DATA PROVIDED:
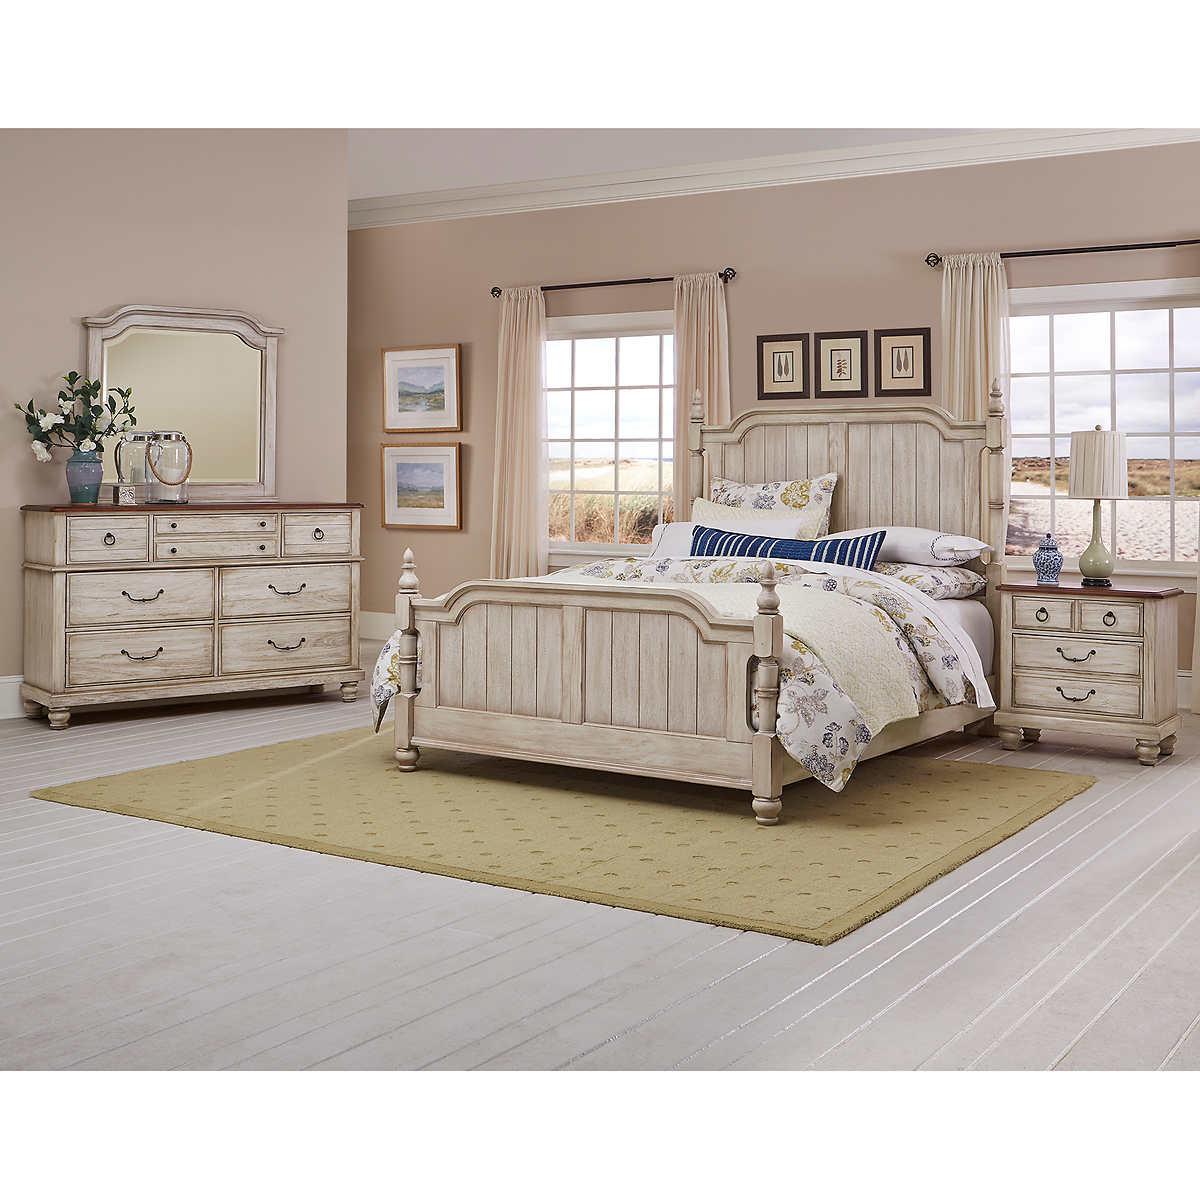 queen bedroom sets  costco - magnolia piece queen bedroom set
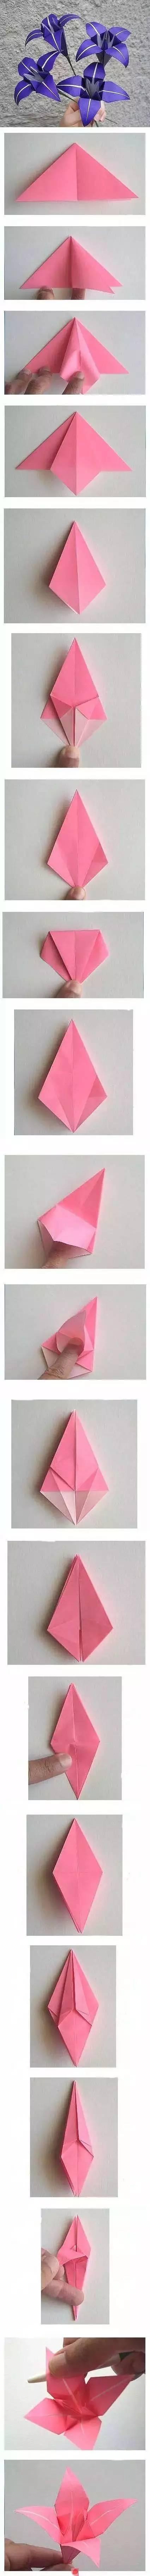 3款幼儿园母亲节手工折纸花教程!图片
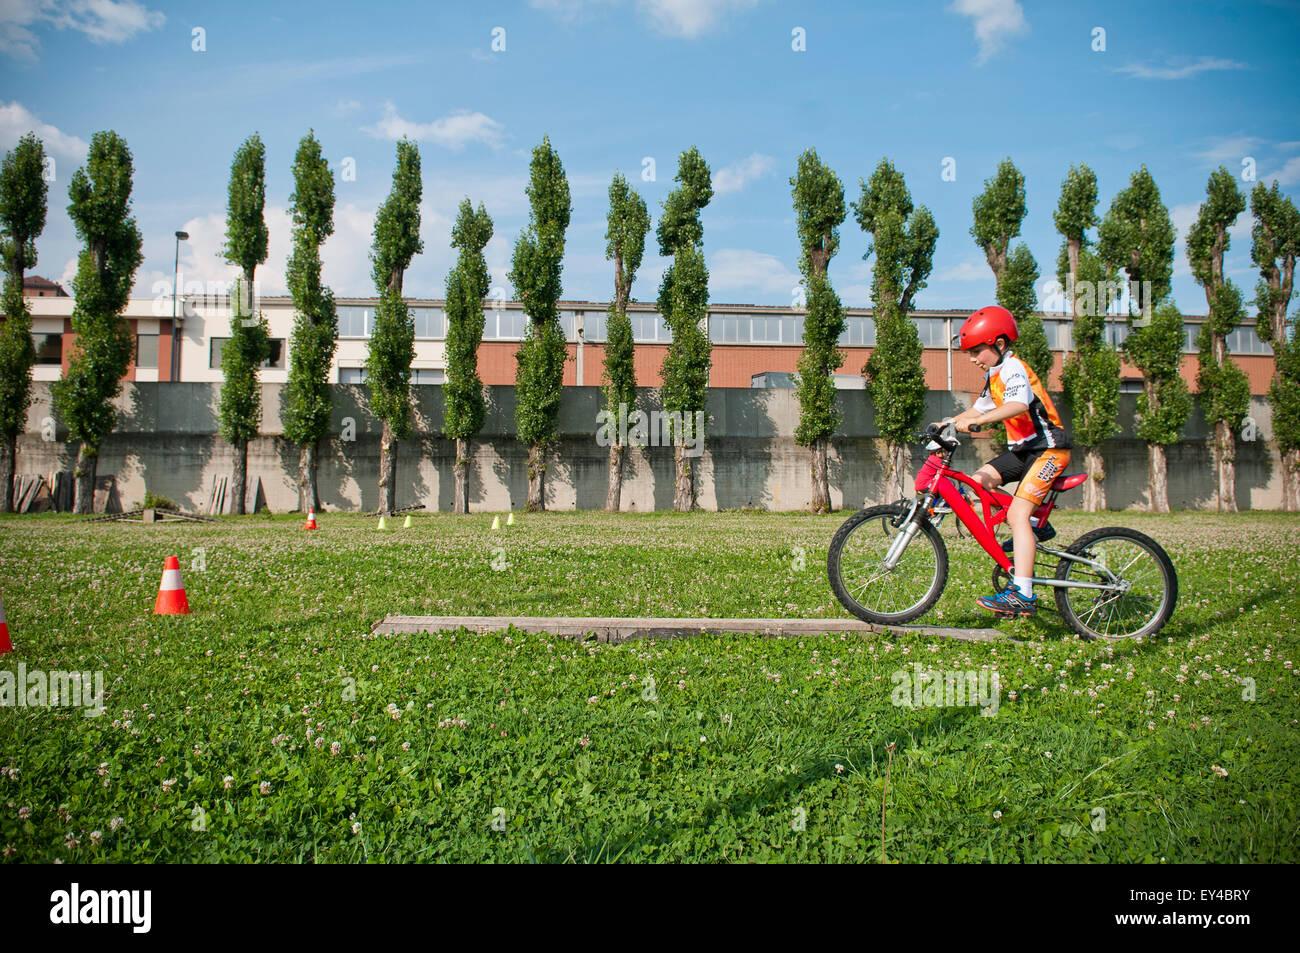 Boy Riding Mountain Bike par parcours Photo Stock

YOUR GOAL: Transcribe exactly the span of lines from the line holding "3款幼儿园母亲节手工折纸花教程!图片" through the last line above, both included. Pictures stay out.

OUTPUT FOR THIS EXERCISE:
 3款幼儿园母亲节手工折纸花教程!图片
 Boy Riding Mountain Bike par parcours Photo Stock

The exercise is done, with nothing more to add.